Michael Ladney and Gain Technologies Inc. have fired another gas-assisted broadside - this time suing DaimlerChrysler Corp., molder Doveport Systems LLC and Alliance Gas Systems Inc. over a Dodge Durango handle assembly.
The patent infringement lawsuit was filed Feb. 13 in U.S. District Court in Detroit by Gain-affiliated companies Melea Ltd. and Plastic Molded Technologies Inc. Melea is a Gibraltar firm that owns about 40 patents covering gas-assisted injection molding, a process that uses gas to make hollow plastic parts. Gain markets the Melea patents.
Plastic Molded Technologies does business as Gain Technologies, in Sterling Heights, Mich.
Melea and PMT contend the Durango handle violates two Melea patents, one covering the use of overflow wells to get excess resin out of the mold. The other patent involves the operation of the gas unit itself, including the valve assembly. They ask for unspecified damages and a permanent injunction blocking Alliance, Doveport and DaimlerChrysler from infringing.
This marks the first time Ladney has sued an automaker, he said in Charlotte, N.C., at the Society of the Plastics Industry Inc.'s Structural Plastics Division conference. At the meeting, Ladney also said Gain or its affiliates have never been in a lawsuit before with Alliance Gas Systems of Chesterfield Township, Mich.

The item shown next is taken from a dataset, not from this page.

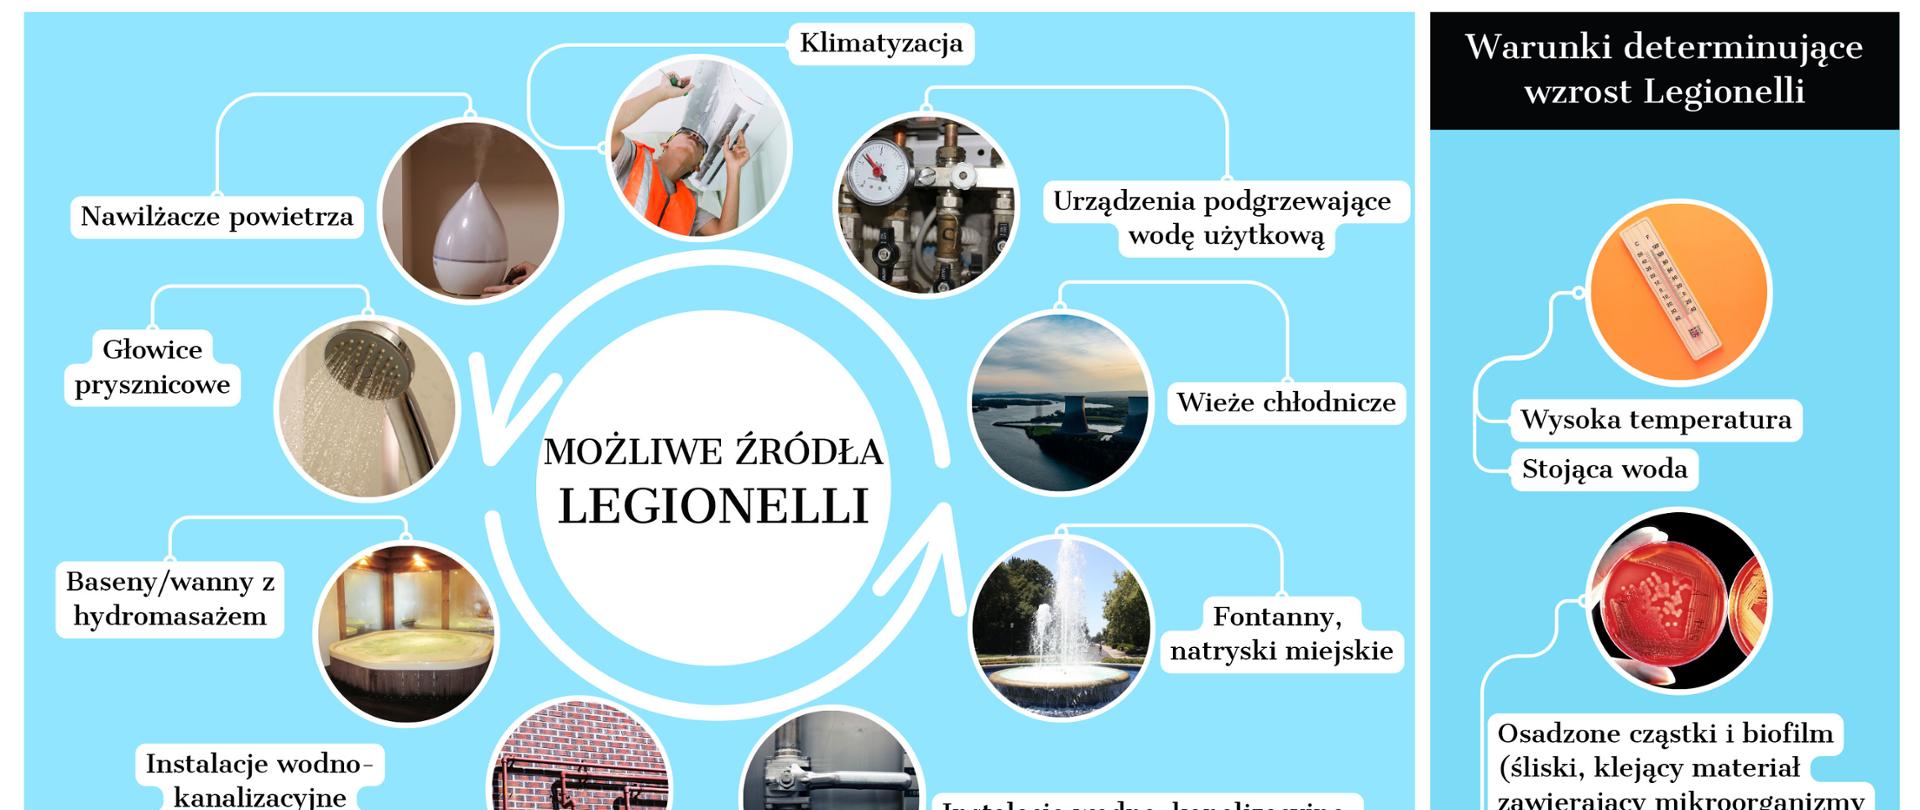 Czym_jest_legionella_-_infografika__

A DaimlerChrysler spokeswoman said March 31 that company lawyers are reviewing the suit, and the company had no comment. DaimlerChrysler is scheduled to file an answer in court April 9, she said.
Doveport, a molder in Port Huron, Mich., did not return telephone calls seeking comment.
Steven VanHoeck, vice president and treasurer of Alliance Gas Systems, had plenty to say. He denied charges in the lawsuit that Alliance violated the Melea patents, and ``induced infringement'' by the other defendants, with its gas controller used by Doveport to mold the parts.
VanHoeck said his company does not use the Melea spillover patent, which he called old and unreliable. ``We go out of our way to avoid the '637 patent [for spillover],'' he said. The company's work with Doveport involved Alliance's own technology, and ``we specifically avoid the method of the '637 patent,'' he said.
Alliance Gas Systems has had a patent pending for more than two years covering resin evacuation - and the patent is scheduled to be issued April 6, he said. The Alliance method is an alternative to spillover.
VanHoeck called the other patent in the suit, involving the gas unit pressure unit, ``a very old method of controlling valves'' no longer practiced in the industry.
``We think this is just a test to see if they can finally get anything on the patents they have left,'' VanHoeck said.